Jump to page: 1 2
Thread overview
Questions about Unicode, particularly Japanese
Jun 08, 2010
Nick Sabalausky
Jun 08, 2010
bearophile
Jun 08, 2010
Matti Niemenmaa
Jun 08, 2010
Nick Sabalausky
Jun 08, 2010
Matti Niemenmaa
Jun 09, 2010
Nick Sabalausky
Jun 08, 2010
Ruslan Nikolaev
Jun 09, 2010
Nick Sabalausky
Jun 08, 2010
Michel Fortin
Re: Another Q about Unicode, Folding Greek edition!
Jun 09, 2010
Nick Sabalausky
Jun 09, 2010
Don
June 08, 2010
The "Wide character support in D" thread got me to question and double-check some of my assumptions about unicode. From double-checking the UTF-8 encoding, and looking at the charts at ( http://www.unicode.org/charts/ ), I realized that Japanese, Chinese and Korean characters are almost entirely (if not entirely) 3 bytes on UTF-8. For some reason I had been under the impression that the Japanese -kanas and at least a few of the Chinese characters were 2 bytes on UTF-8. Turns out that's not the case. I thought I'd share that in case any one else didn't know. Also, FWIW, Cyrillic (ex, Russian, AIUI), and Greek appear to be primarily, if not entirely, 2 bytes in UTF-8.

But then I noticed something on the charts for the Japanese -kanas (ex: http://www.unicode.org/charts/PDF/U3040.pdf ). Umm, first of all, for those unfamiliar with Japanese: There are two phonetic alphabets, hiragana and katakana (in addition to the chinese characters), and they're based more on syllables than the individual sounds of western-style letters. Also, some of the sounds are formed by adding a modifier to a symbol for a similar sound. For instance: ? (U+305D, hiragana "so") is the sound "so", and to make "zo" you add what looks like a double-quote to it: ? (U+305E, hiragana "zo") (You may need to increase your font size to see it well). That same modifier converts most of the "s"'s to "z"'s, or any of the "h"'s to "b"'s, etc. And there's also another modifier that converts the "h"'s to "p"'s (looks like a little circle).

The thing is, there appears to also be Unicode code points for these modifiers by themselves (U+3099 and U+309A).
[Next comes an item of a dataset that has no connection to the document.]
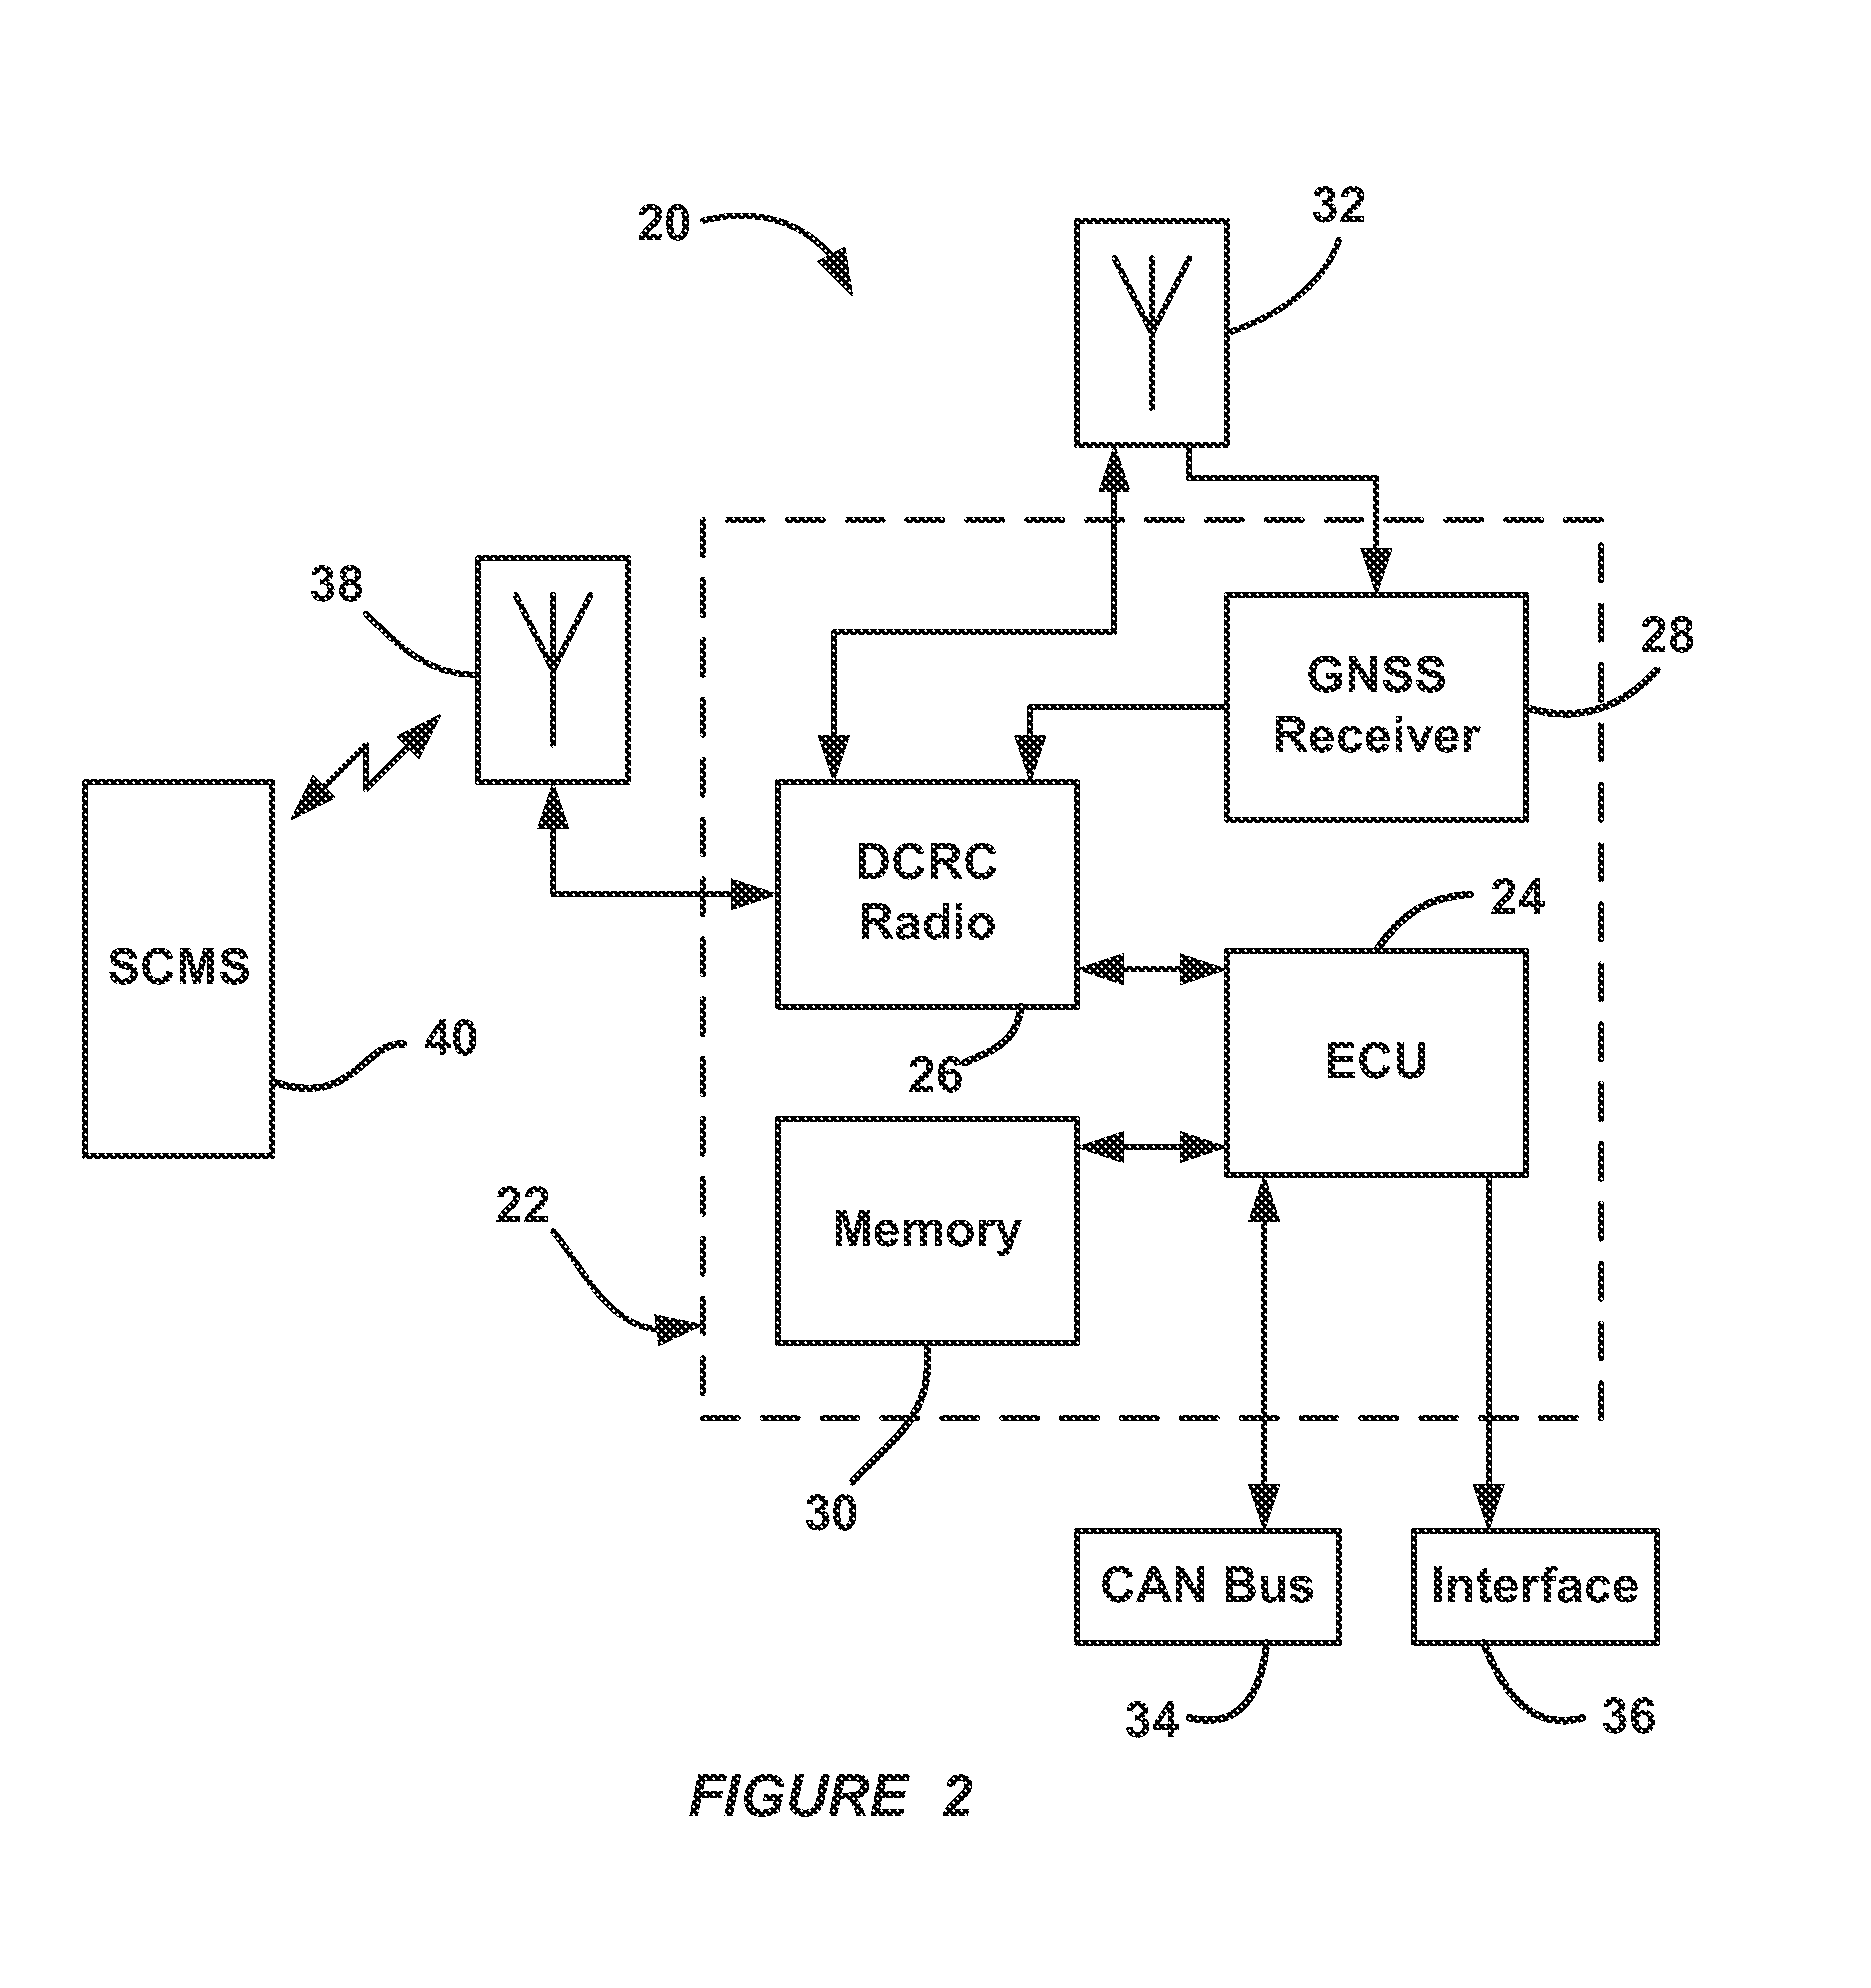 Methods of operation for plug-in wireless safety device

Maybe I'm understanding it wrong, but according to Page 3 in the document I linked to above, it looks like these are intended to be used in conjunction with the regular letters in order to modify them. So, it seems that there are two valid ways to encode a single character like ? ("zo"): Either (U+305E) or (U+305D, U+3099).

I think these are what people call "combining characters" but every explanation of Unicode I've ever seen that actually mentions such things always just hand-waves it away with "oh, yea, and then there's something called 'combining characters' that can complicate things", and that's all they ever say.

So, my questions:

1. Am I correct in all of that?

2. Is there a proper way to encode that modifier character by itself? For instance, if you wanted to write "Japanese has a (the modifier by itself here) that changes a sound".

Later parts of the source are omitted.